Data provided:
═══

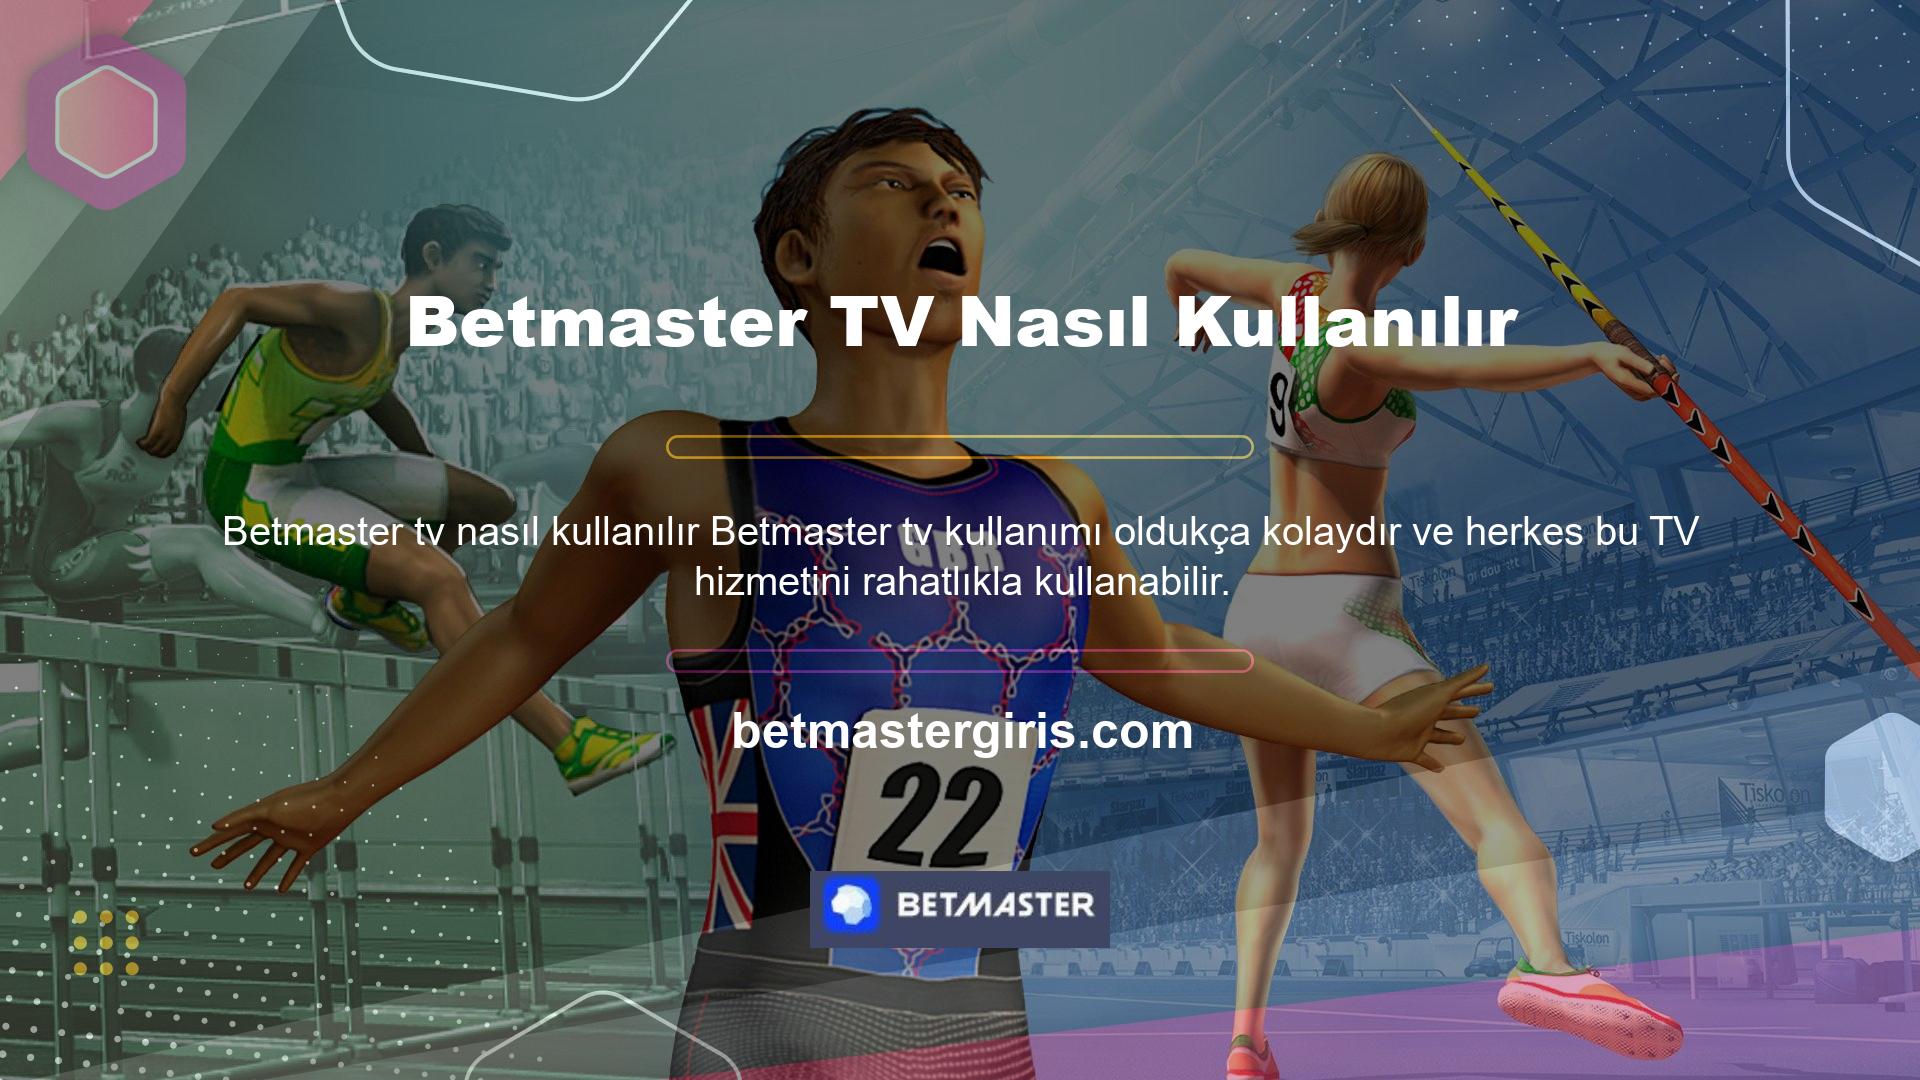 Betmaster TV nasıl kullanılır TV'nizde canlı maç izlemek için yapmanız gerekenler: Betmaster TV'ye giriş yapmak için öncelikle Betmaster web sitesinin ana sayfasına giriş yapmalısınız
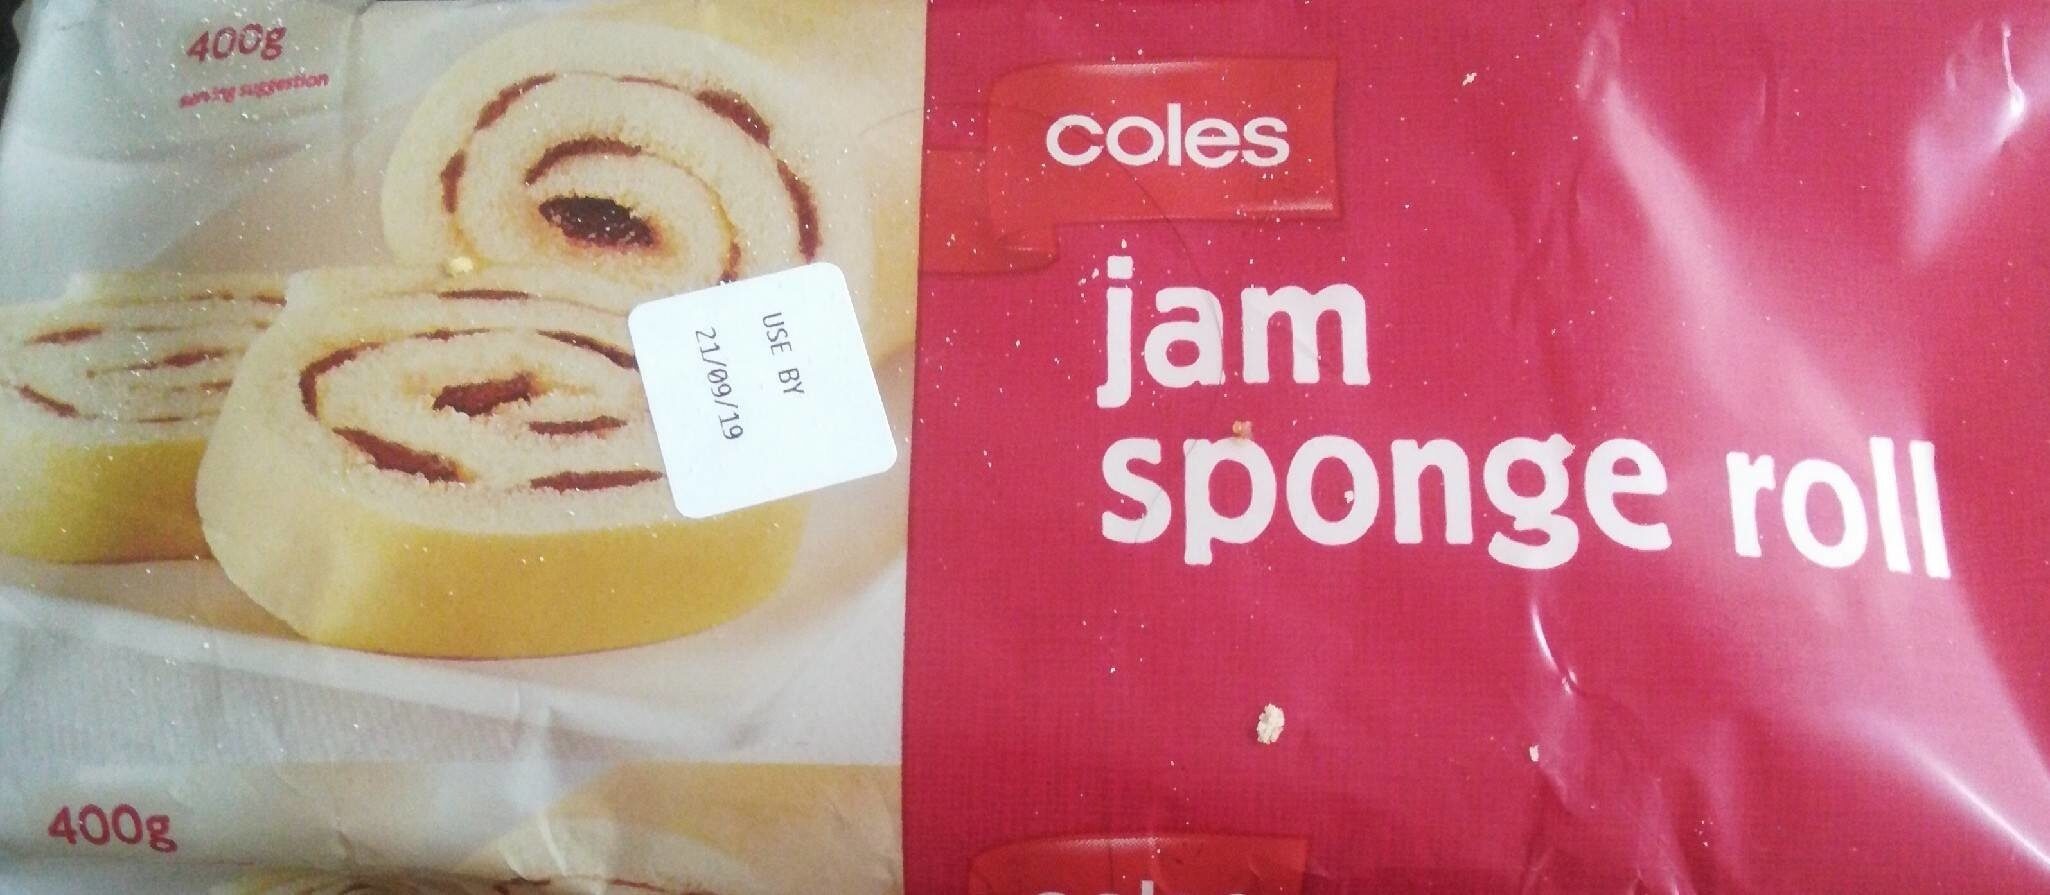 jam sponge roll - Product
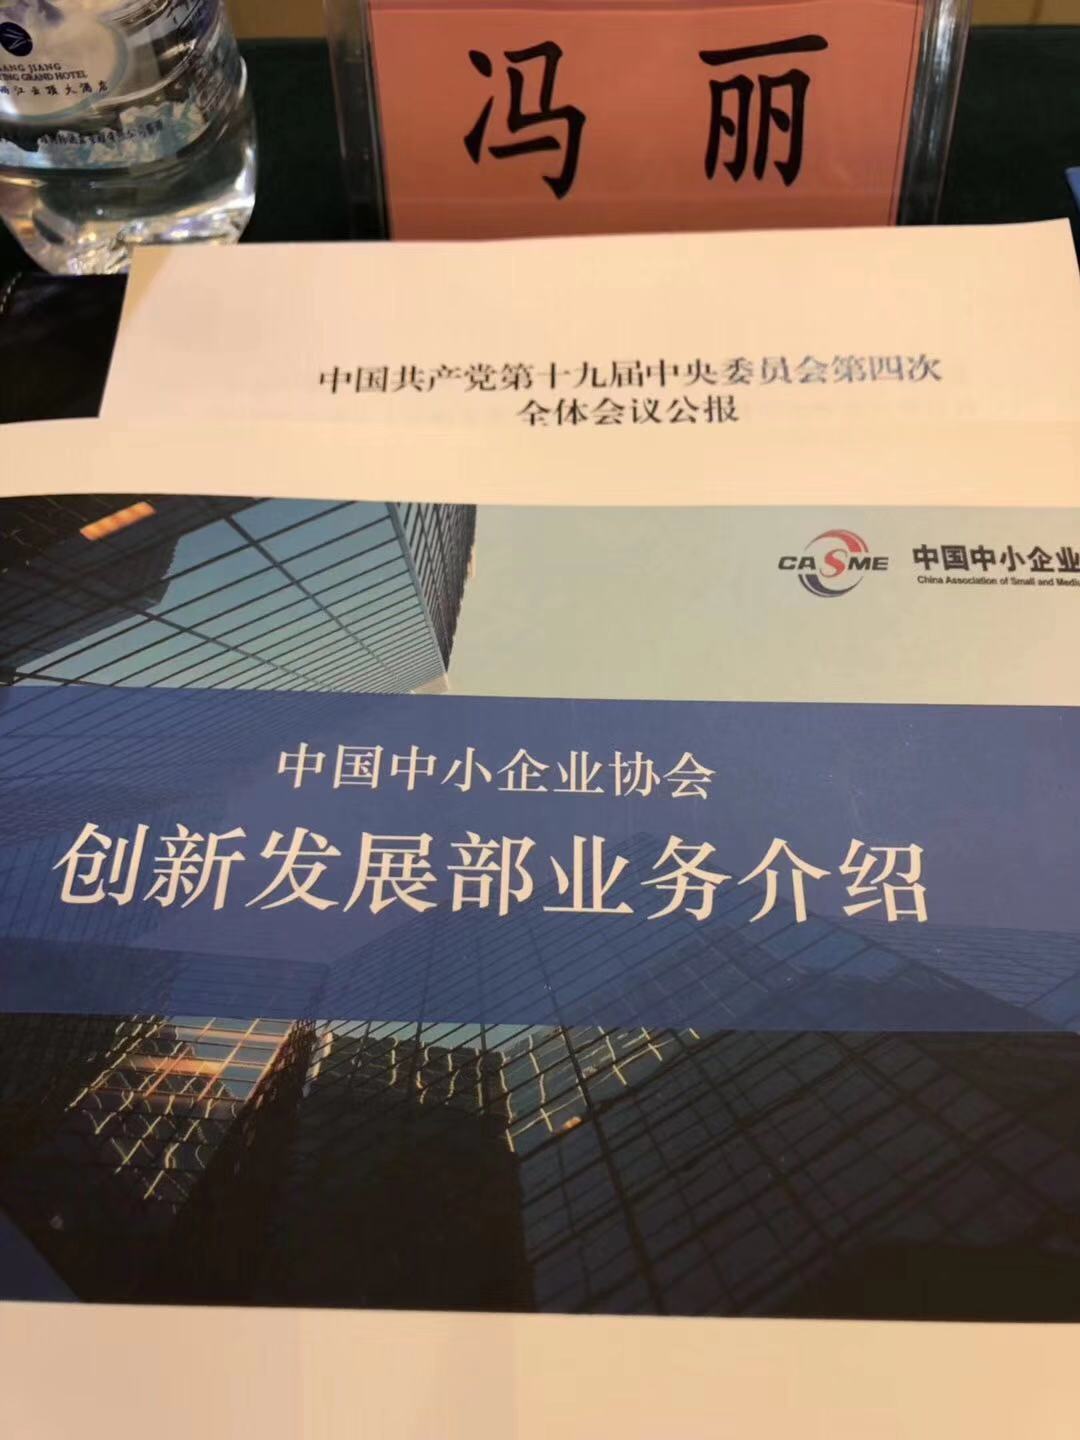 2019中国中小企业发展大会暨第十三届中国中小企业节11月1日隆重开幕

═══

Work to complete: Please write the data out again exactly, but do not carry over the pictures.

Response area:
 Betmaster TV nasıl kullanılır TV'nizde canlı maç izlemek için yapmanız gerekenler: Betmaster TV'ye giriş yapmak için öncelikle Betmaster web sitesinin ana sayfasına giriş yapmalısınız
 jam sponge roll - Product
 2019中国中小企业发展大会暨第十三届中国中小企业节11月1日隆重开幕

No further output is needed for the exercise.